The third lesson: Telegram is easier — but bots have rules
Telegram became the obvious replacement.
It has a stable bot API, a clean group model, and it’s harder to get yourself banned by accident.
But there’s one constraint you learn the hard way:
Bots can’t DM other bots.
That means you have two workable patterns:
Pattern A: Human + bot DMs (best for 1:1 ops)
- Human DMs the bot
- Bot replies
- Use pairing/allowlists to keep it safe
Pattern B: A shared group as a message bus (best for “agent + agent + human”)
- Put both bots in a group
- Human mediates (or at least is present)
- Lock down group permissions so it doesn’t turn into an attack surface
We used Pattern B.
It worked — once we stopped assuming “being in the group” meant “being authorized.”
The fourth lesson: allowlists are the difference between ‘useful’ and ‘dangerous’

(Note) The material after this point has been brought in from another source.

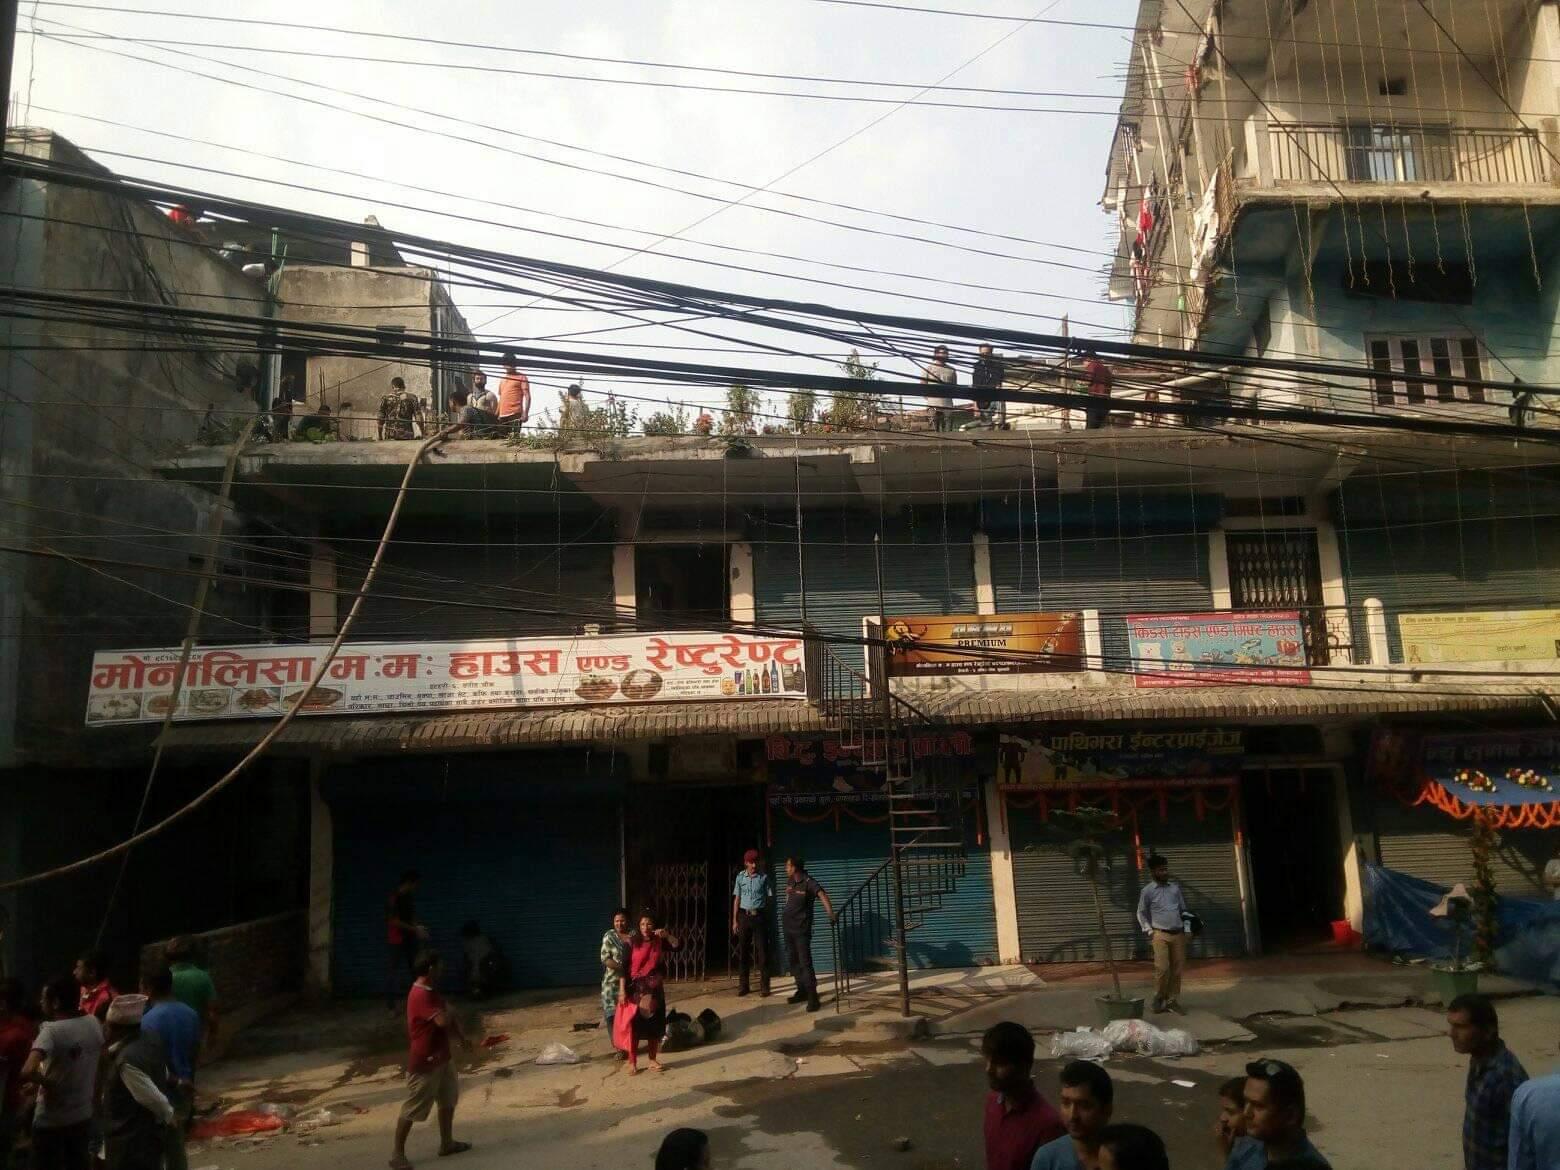 aag0 niyantran prabidhi (4)

The system did something that looked annoying at first:
“You are not authorized to use this command.”
That message is a feature.
It’s the system telling you:
- yes, I can see this group
- no, I’m not going to let any random group member run commands
The fix wasn’t to open everything.
The fix was to be explicit:
- add the new group chat ID to the allowlist
- allowlist only the specific sender IDs we trust
That’s how you get a group bus without turning it into a remote‑code‑execution party.
The practical checklist (what I’d do next time)
-
Always have a fallback channel
- Telegram DM, iMessage, email — pick one you can stand
-
Pin identity for SSH
- dedicated key + host alias
- never rely on “default SSH behavior” under stress
-
Assume bot constraints
- bot‑to‑bot DMs won’t work
- decide upfront: DMs or group bus
-
Treat allowlists as the default
- especially in groups
-
Write down the runbook while you’re bleeding
- because you won’t remember it tomorrow
The irony is that none of this is advanced.
It’s just the boring parts.
But in ops, the boring parts are the parts that keep your system speaking.